I’m always amazed at how wonderfully smart these people are. How they see things that others don’t. How they discover unique ways to solve problems that have plagued their peers for years.   How they can take an idea and turn it into a ‘proof of principle’ prototype (POP) that demonstrates the validity of their hypothesis. The world needs more of these people.

That said, considerable intellect and real scientific prowess sometimes lead to an overestimation of one’s abilities, especially in areas that one may not be as familiar with. What seems to form unnoticed in these type of situations/businesses, is a blind spot in knowledge and understanding.  A ‘hard to detect’ gap in perception that can take a brilliant beginning… and turn it into a disappointing end.

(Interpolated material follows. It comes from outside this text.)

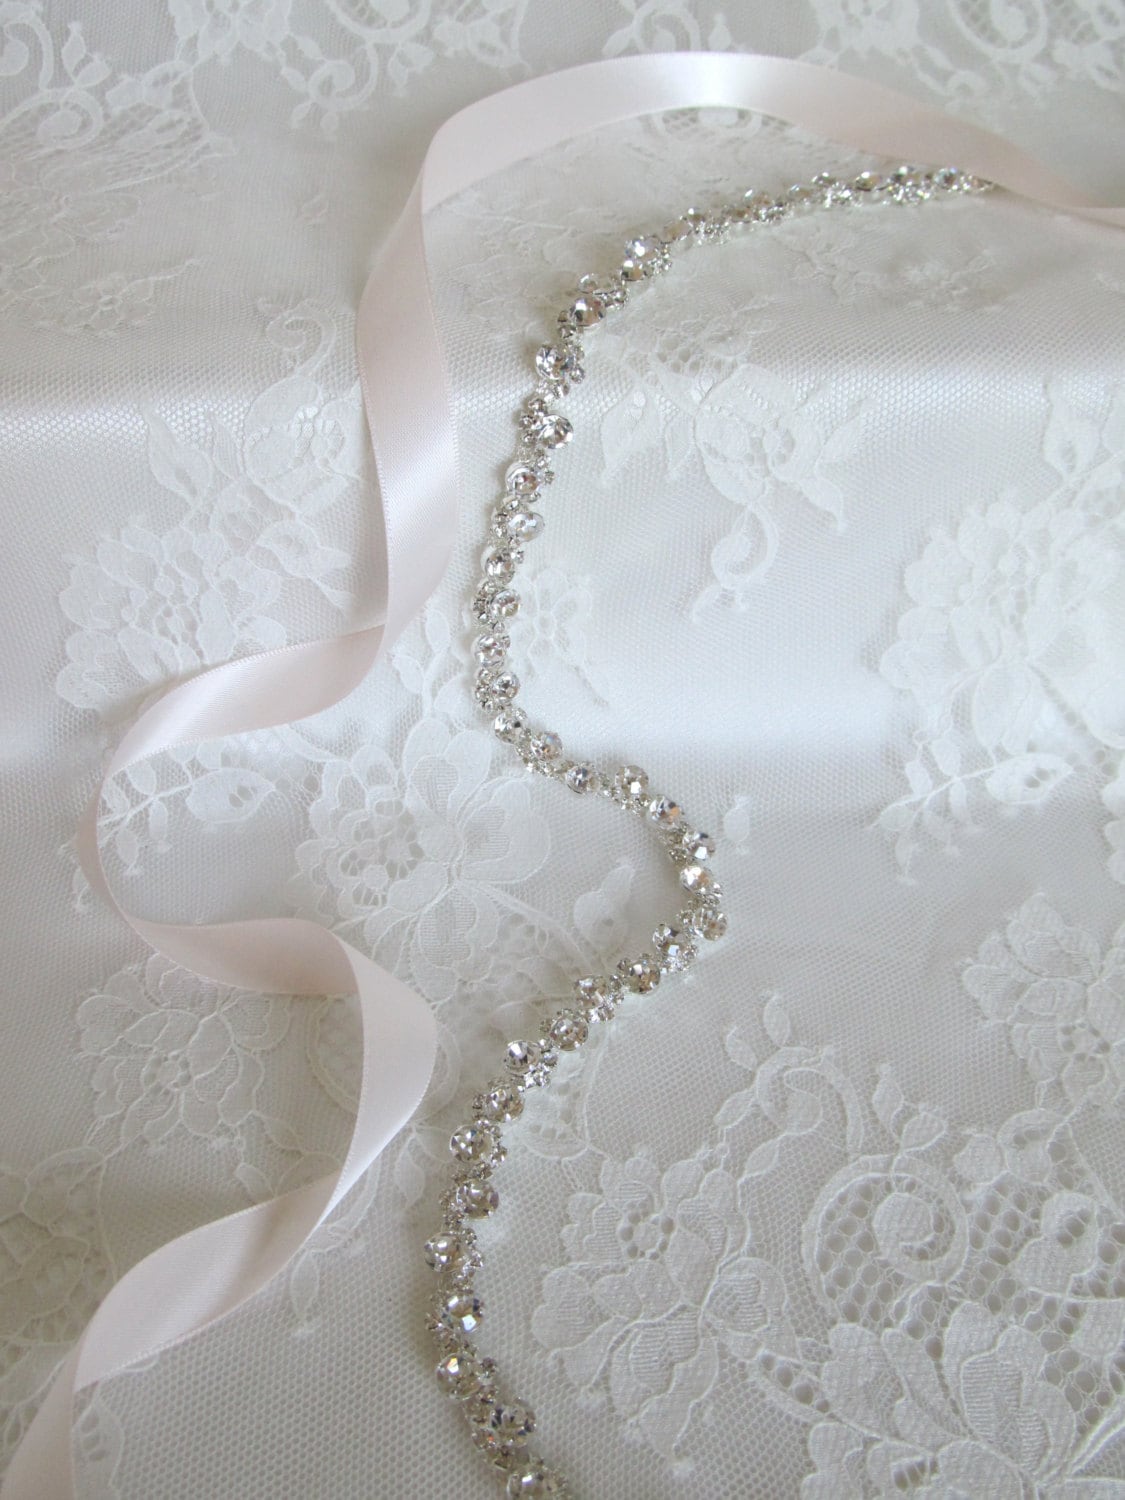 Silver Crystal Rhinestone Bridal Sash, Wedding sash,Bridal Accessories,Bridal Belt,Style #31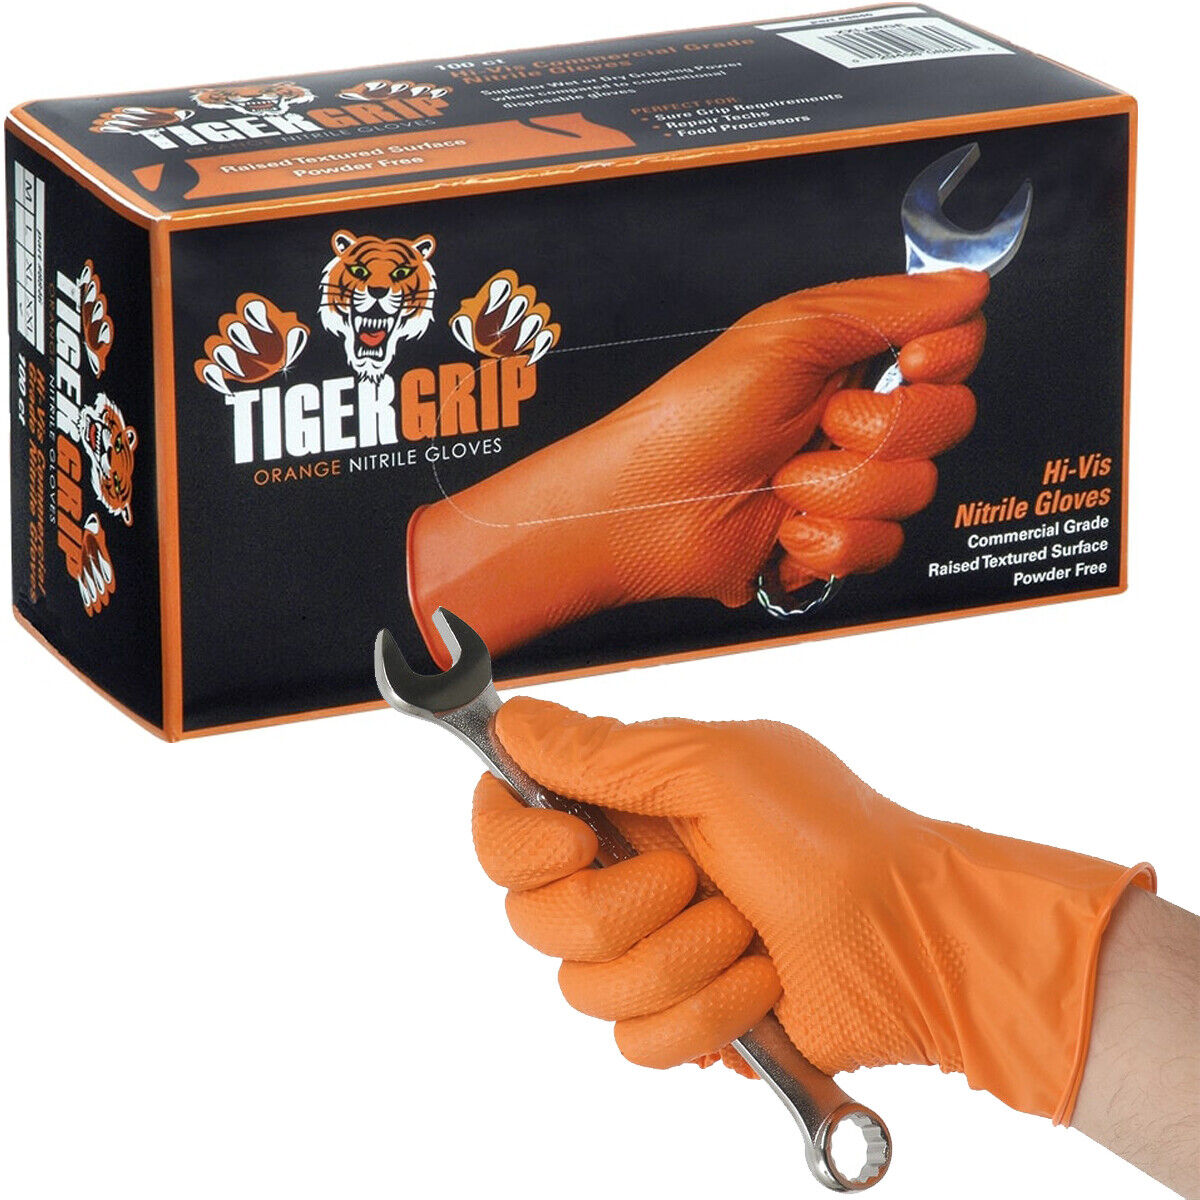 Tiger Grip Nitril-Einweghandschuhe orange Größe S 100 Stück reißfest genoppt

What’s forgotten in the flurry of excitement and the desire to quickly commercialize a POP prototype (as opposed to a ‘proof of concept’ prototype) is that, no matter how great an idea is, it will not be successful without the involvement of experienced product developers – Industrial Designers, Engineers of various disciplines, Manufacturing, Quality and Regulatory experts all working together in harmony under the oversight of an experienced Program Manager. A well thought out, proven product development process and an experienced PM are fundamental to the successful development of any complex product. Try to skip or short circuit this effort, underestimate their value to the overall program and you will repeatedly stumble and will most likely lose time, credibility and considerable investment in the end.

Below is a list of wrong assumptions that scientists, academics and inventors frequently make:

  1. Product development is often thought of as the ‘easy work’ by inventors of exciting new technologies.
  2. Product development is only implementation and therefore it will take little time to perform.
  3. Now that I’ve developed my ‘proof of concept’ model (mistaken for what it really is, a ‘Proof of Principle’ model)all I need is someone to make a prototype of my product and we’re ready to go.
  4. My invention is the ‘product’.  It embodies all the features and usability that’s required to make it appeal to the end user – they’ll ‘get’ how to use it because it’s self-evident.
  5. Design and ‘usability’ studies are a waste of time and money.  I know my market and it’s others like me.
  6. Engineers are the poor cousins of scientists.  The work they do is only ‘implementation’.  Their work does not add significant value to the technology.
  7. A group of domain experts (specialists – both individuals and companies in a specific field) are all that is needed to develop my product.
  8. Setting up manufacturing is easy, quick and simple work.
  9. Regulatory work/documentation can be initiated after I figure out my design.

Remember, if you want to take a complex, technical product from an academic setting and evolve it into a usable device that effectively and dependably performs its intended function then you need to come to grips with the fact that you may need to raise additional capital, extend your timeframe for commercialization…and most importantly, partner with an experienced product development team.